April 13th, 2009 at 9:08 am
Definitely – we’re all on SAVE mode right now. I’ve drastically cut back on my texting and recently switched from a contract cll phone to a prepaid – Of course my contract had already expired so I didn’t have to pay for the outragious cancellation fee! At any rate, I now use as many minutes as I purchase every month, so I don’t have to worry about the monthly surprise bill – This has really helped me budget my month a lot better.

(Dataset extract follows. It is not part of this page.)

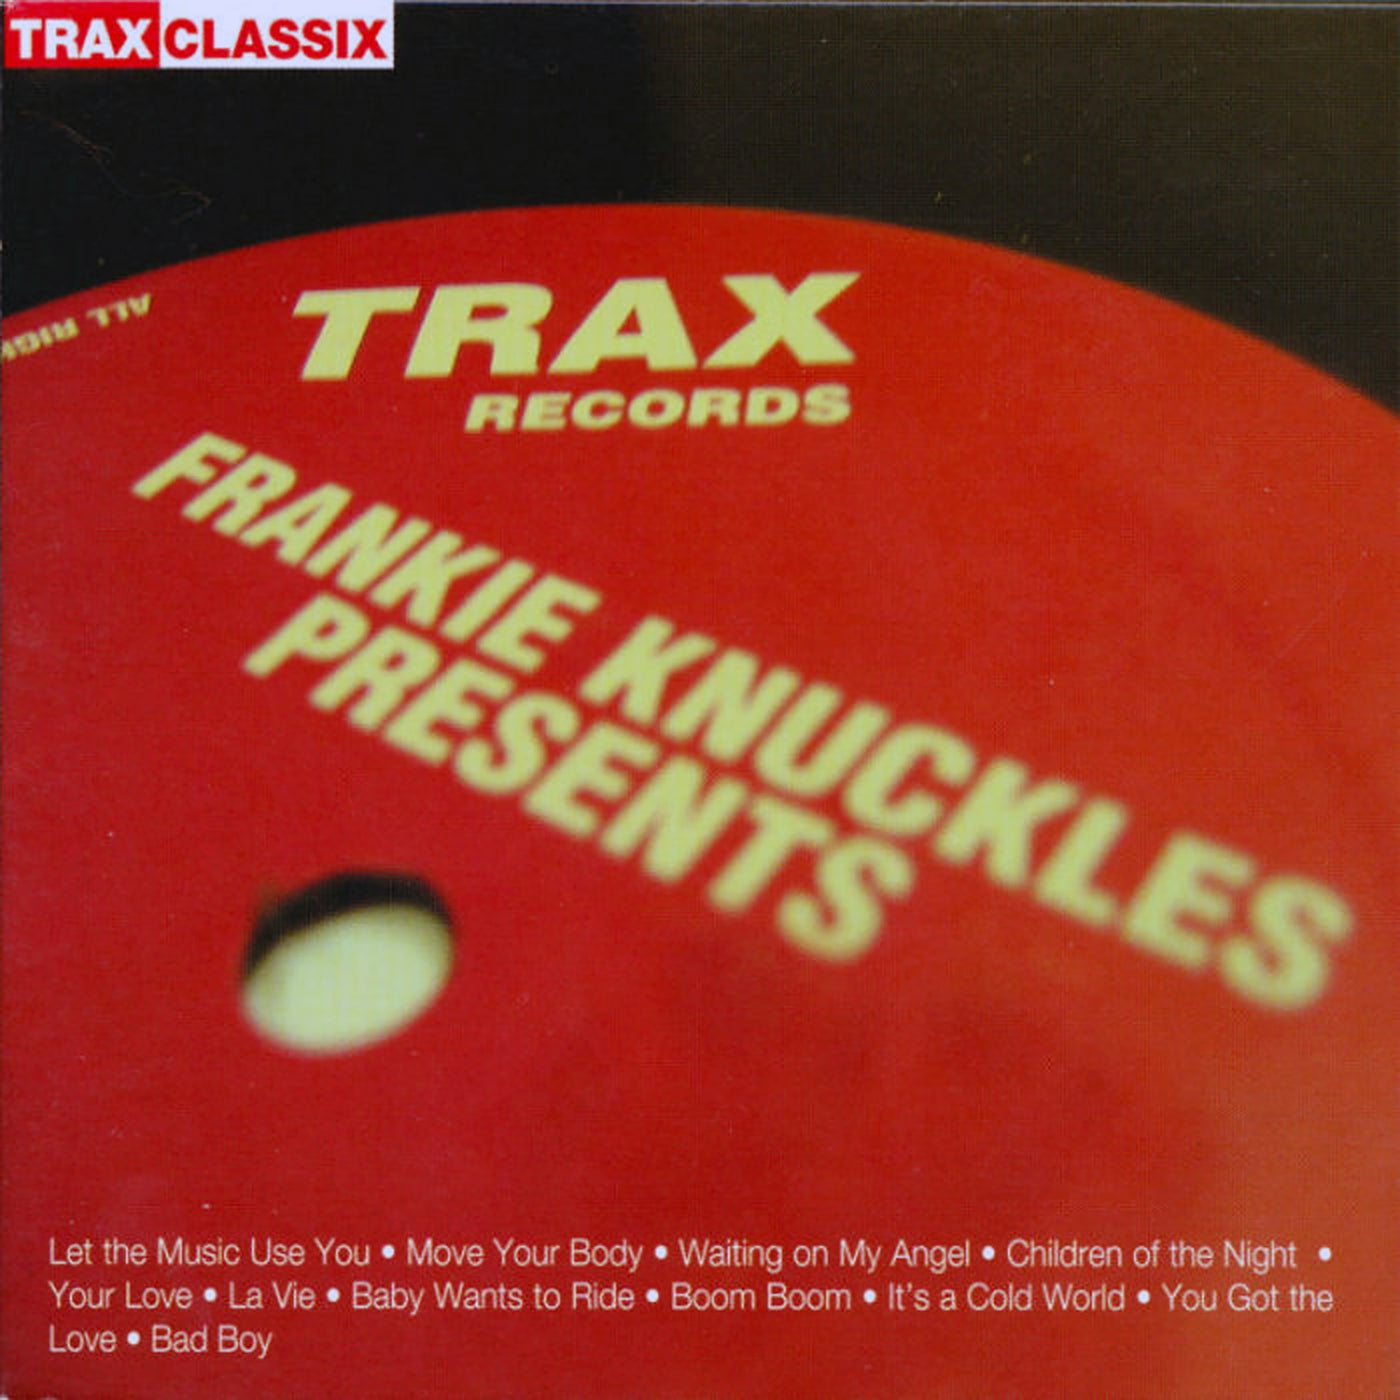 Frankie Knuckles Presents: His Greatest Hits from Trax Records

April 13th, 2009 at 5:24 pm
I agree that it’s time to tighten our belts,I’m not sure that I’m gonna start eating less but what I have done is cancel my cell phone contract and buy a Tracfone. Since then I have been saving nearly $50 every month and I’m still making the same amount of calls. I’m going to cancel my land line as well because since I bought the Tracfone I discovered that I can make long distance and international calls to about 60 country’s for the same price as a local call. I’ve started texting a lot and I’m saving even more because Tracfone only charges 5cents per text as apposed to 20cents I was paying on contract. This is a very real way to save without having to cut back so give it a try.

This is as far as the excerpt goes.